While usable-sized edible tubers develop fairly early in the season, they taste much sweeter after they have matured and have been exposed to some frost. After harvest, tubers left in the sun to harden taste much better than those eaten immediately.

The harvested tubers can be stored over several months, however the fructooligosaccharide content decreases over time. If the storage temperature keeps at 1 degree, the turnover from fructooligosaccharides to glucose, fructose and sucrose will also slow down.

===Medicinal use===
Yacón is believed to have health promoting effects. The tubers contain phytoalexines, phenolic compounds and high concentrations of fructanes, which are considered as bioactive compounds that are beneficial for human health.

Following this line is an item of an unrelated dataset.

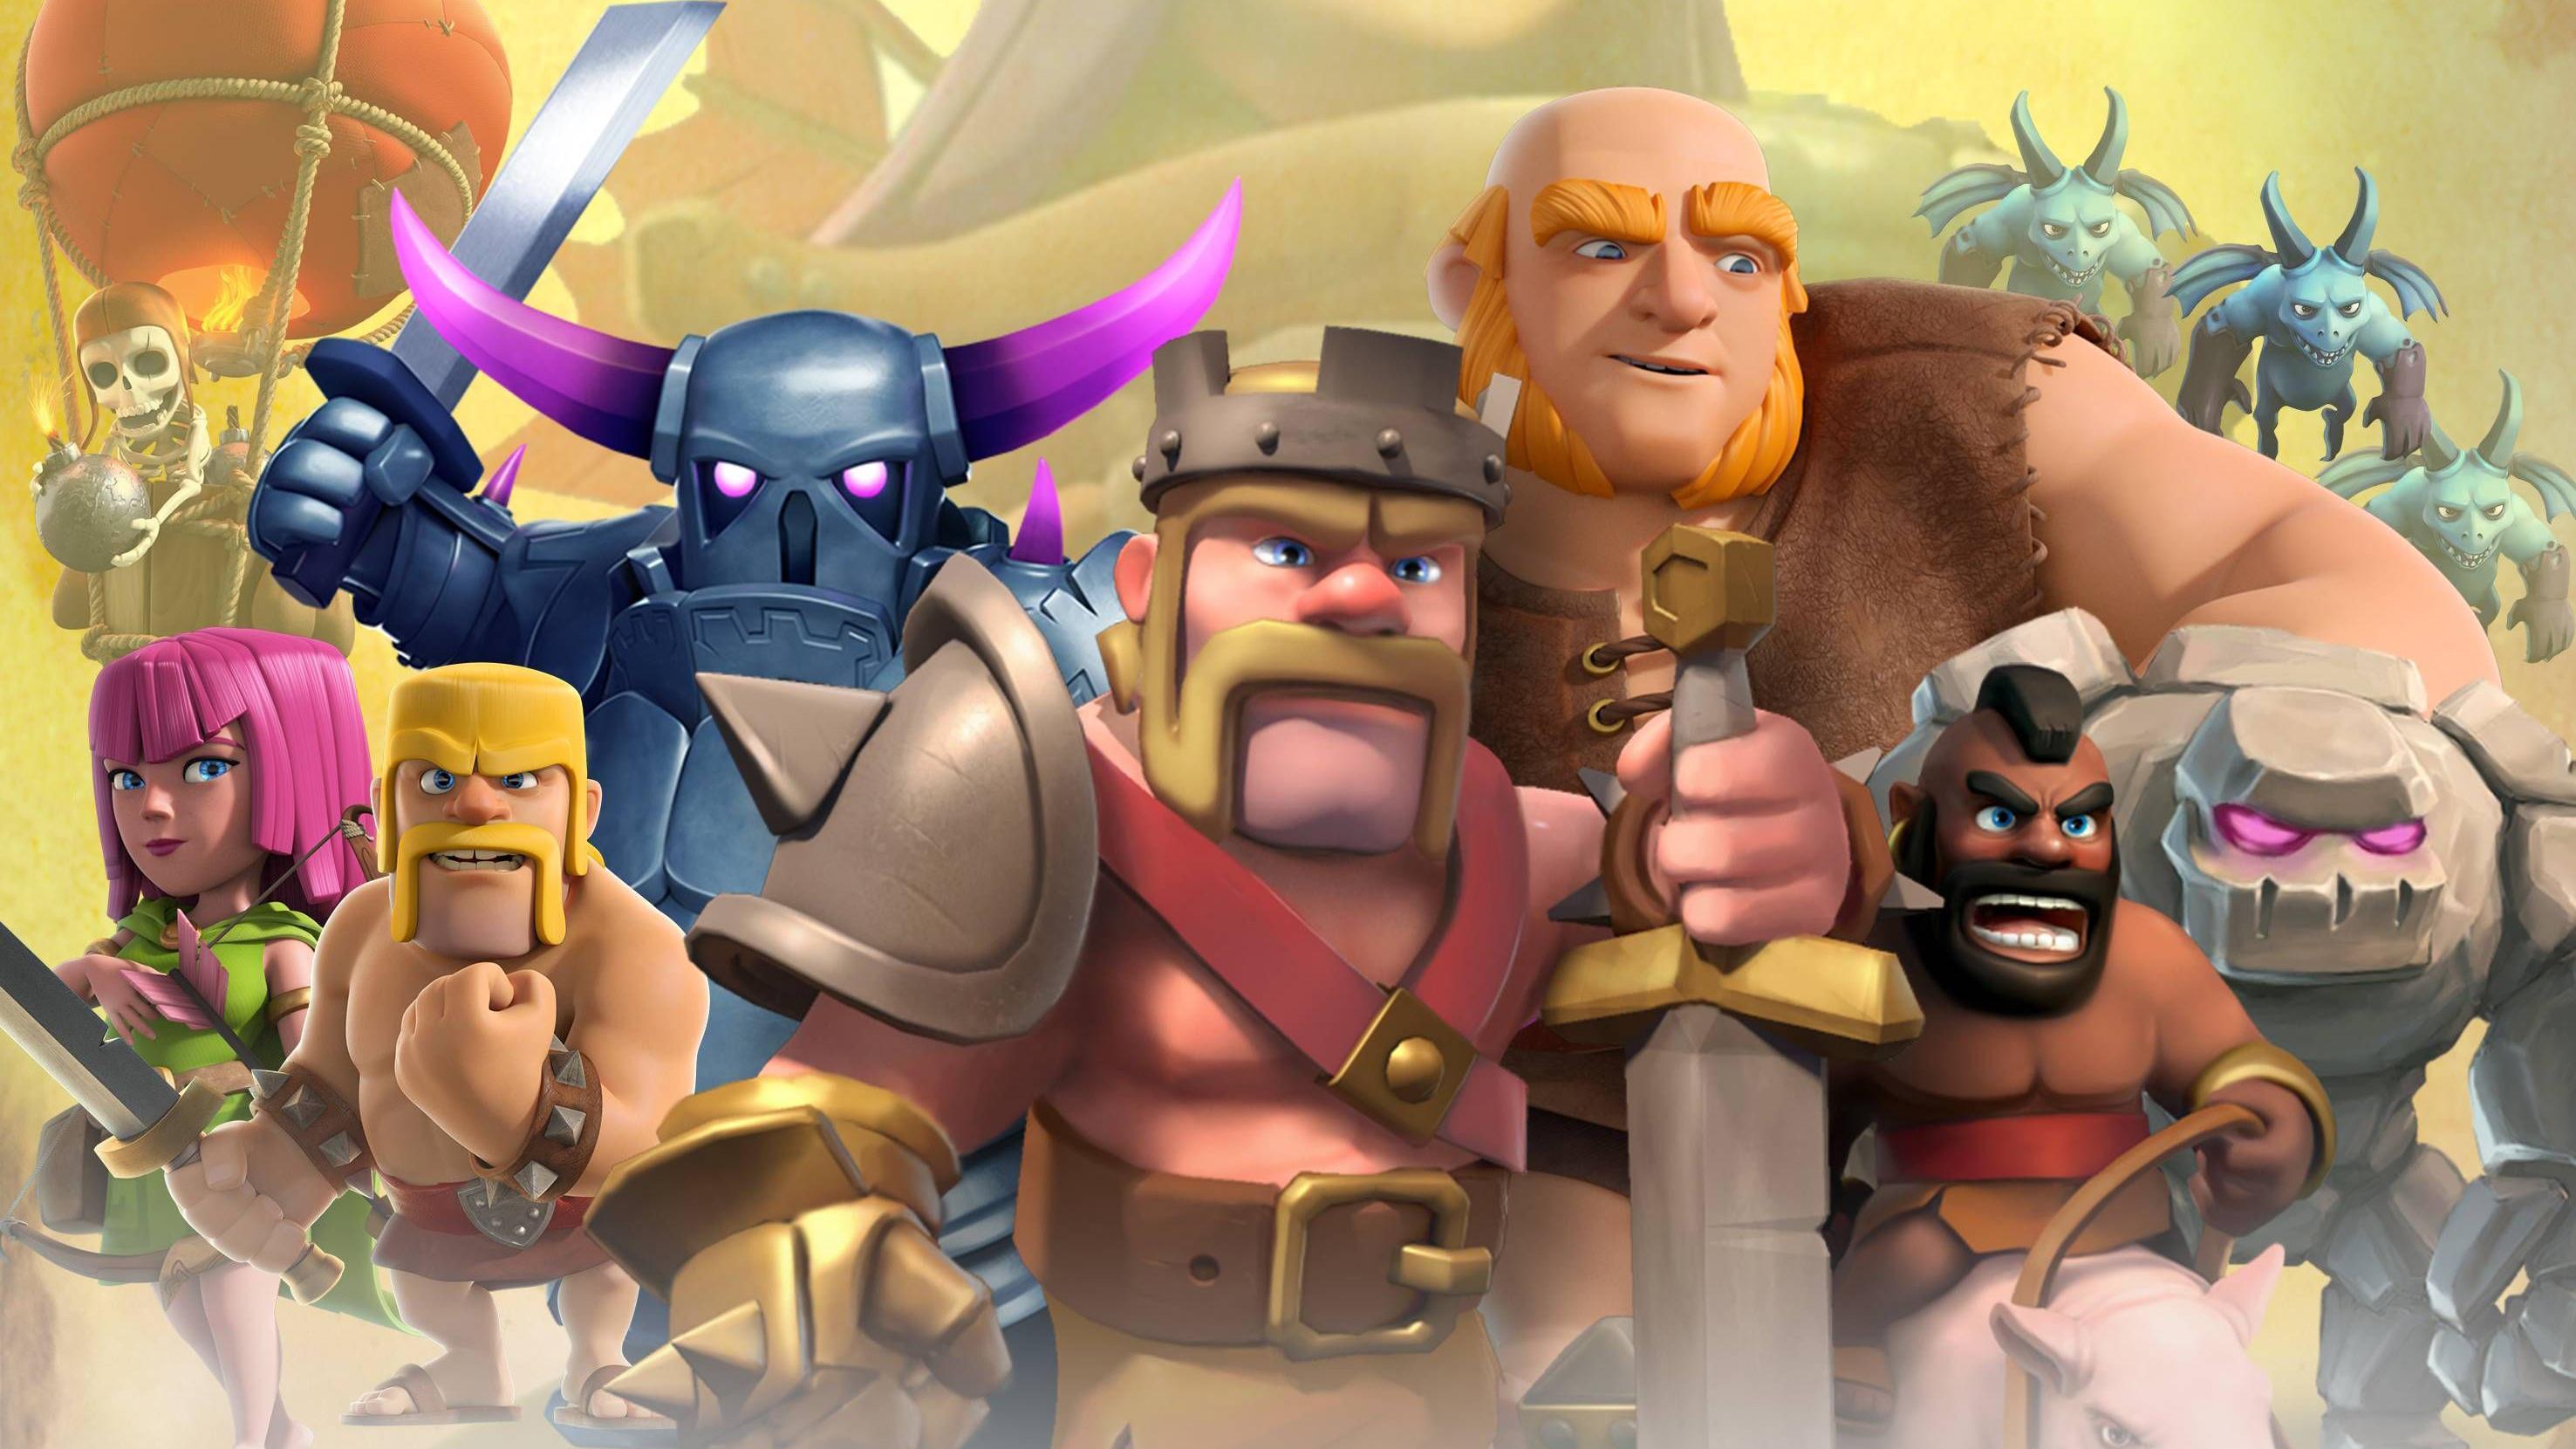 HD wallpaper, Archer, Hog Rider, Clash Of Clans, Games, Pekka, Barbarian, Hd, Supercell, Giant

The leaves have been shown to be radical scavenging, cytoprotective and anti-hyperglycemic active. There has been considerable research into yacón products for medicinal purposes because of its antidiabetic and hypoglycaemic effect. In Andean folk medicine, yacón is used against liver and kidney disease whereas, in Bolivia, it is used against diabetes and digestive problems.

===Religious use===

In colonial times, yacón consumption was identified with a Catholic religious celebration held at the time of an earlier Inca feast. In the Moche era, it may have been food for a special occasion. Effigies of edible food may have been placed at Moche burials for the nourishment of the dead, as offerings to lords of the other world, or in commemoration of a certain occasion. Moche depicted such yacón on their ceramics.